CONDUCTA EFICAZ PARA EL CAMBIO

Como advertimos antes, el sentido del cambio se sustrae a los asideros puramente científicos, y requiere aproximarse de un modo más general, condimentado con una justa dosis de escepticismo.
El instinto para extraer del modo más completo las implicaciones y claves de las situaciones vitales no se desarrolla en cursos de estudios técnicos, ni de relaciones humanas. Es preciso contemplar las situaciones en su conjunto, como un todo, para después, con los datos disponibles, ocuparse de los elementos centrales y acertar con el momento oportuno para actuar. La eficacia humana no es la respuesta inmediata a un estímulo, sino la visión global de lo que ocurre en una secuencia cronológica amplia. Donde el animal tiene instinto, el hombre tiene historia.
La vida del directivo consiste en hacer una cosa detrás de otra: continua e instintivamente establece orden y relación, eligiendo y priorizando entre ideas inconexas con el fin de actuar. Su éxito como directivo depende de la capacidad de imponer orden y concierto entre la masa de sus experiencias y las acciones que emprende. Ha de buscar sentido a su empresa y a su función, no sólo en los informes de control, balance y cuenta de resultados, datos del mercado o previsiones, sino también en las personas y en las impredecibles acciones y reacciones humanas, refiriéndolo todo a una escala de valores. Ha de estar preparado para responder a las demandas en busca de sentido del trabajo de sus colaboradores y subordinados, de forma que ese trabajo que realizan contribuya también al sentido de su existencia.
Dirigir consiste sobre todo en dar ejemplo, encarnar pautas de acción y reflexión que ayuden a los demás en su desempeño. El directivo cabal mueve y promueve, mantiene a las personas en permanente tensión de anhelo: crea interés en lo que es arduo y valioso, en lo que merece esfuerzo, y propone con tenacidad y perseverancia metas renovadas, a la vez que se empeña por mantenerlas al abrigo de la desilusión y el cinismo desesperado.
Sin la conciencia nítida de la pregunta por el sentido, no estará bien equipado para su tarea primordial como directivo.
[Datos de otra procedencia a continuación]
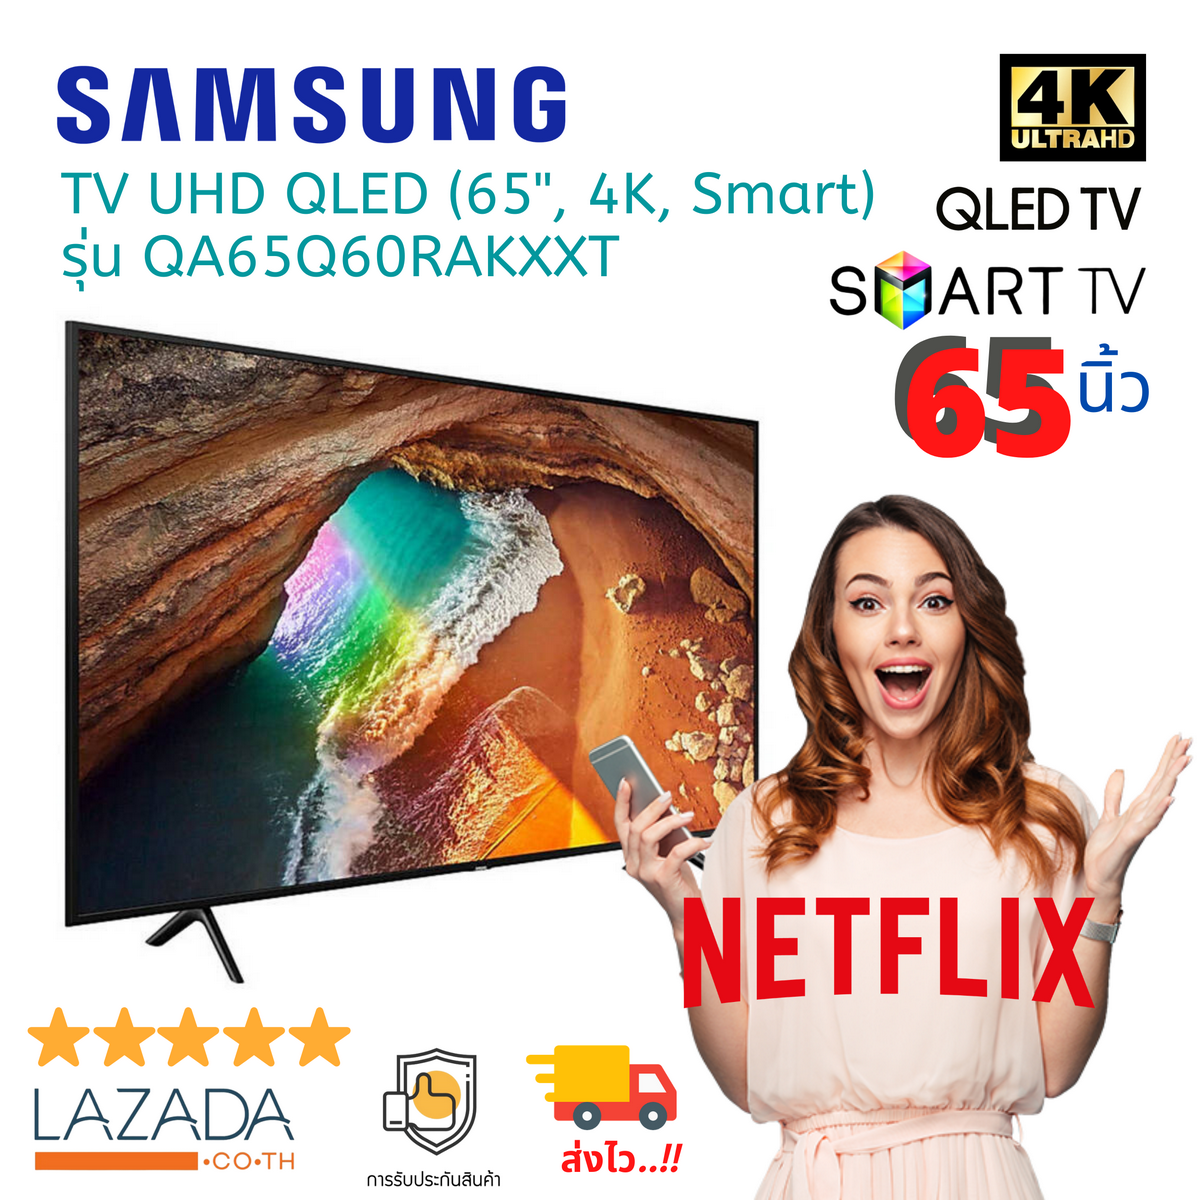 (ของแท้ มีรับประกัน) ทีวีซัมซุง สมาร์ททีวี Smart TV SAMSUNG TV UHD QLED (65

Una tarea en la que cultivar las humanidades reportará inestimables beneficios, pues se ocupan de desarrollar esa conciencia del sentido de las acciones humanas.
Cuanto más amplia sea su capacidad de comprensión, el directivo percibirá mejor los problemas concretos y los cambios sutiles, y más eficiente y eficaz será coordinando políticas y objetivos a la escala propia de la dirección. Afán parejo al que busca el poeta o el novelista: poner orden en la experiencia, es decir, en el amasijo informe de personas, cosas y significados.
Un directivo equipado con una educación humanística tendrá un círculo de intereses personales más allá de los límites de su propia compañía; fácilmente sufrirá menos los embates, reales o meramente percibidos, dirigidos a su estatus en la organización, pues no estará poseído por ella. Se mantendrá abierto a expandir sus relaciones personales dentro y fuera de la empresa; disfrutará de un elenco de valores que, paradójicamente, también enriquecerán su capacidad para hallar e implantar nuevas políticas corporativas.
Toda actividad profesional vivida con rigor y seriedad presenta una dimensión filosófica, sin la cual pierde su capacidad creativa y se ve abocada a la mera rutina.
Quizá resulten ilustrativas en esta línea las palabras de Peter Drucker, que sobresale por su talante de reflective practitioner singularmente humanístico, y que valen como síntesis de la necesidad de unos fundamentos que superen el ámbito de la gestión para abordar cabalmente los cambios empresariales: «La empresa no puede consistir en el ensamblaje mecánico de unos recursos. Para convertir los recursos económicos en empresa no es suficiente ordenarlos lógicamente y luego girar la llave del capital… Lo que se necesita es una transmutación de estos, que no puede proceder de algo inanimado como el capital: requiere dirección. Los únicos recursos susceptibles de crecimiento son los humanos; los demás se rigen por las leyes de la mecánica. Pueden ser mejor o peor utilizados, pero nunca pueden alcanzar un rendimiento superior a la suma de sus componentes. Por el contrario, el problema de reunir recursos no humanos es mantener en el mínimo posible la inevitable disminución del rendimiento debido a la fricción, etcétera. Sólo el esfuerzo dirigido y coordinado de los seres humanos libres puede producir un verda- dero todo mayor que la suma de sus partes. En eso ha consistido desde Platón la definición de Sociedad Ideal».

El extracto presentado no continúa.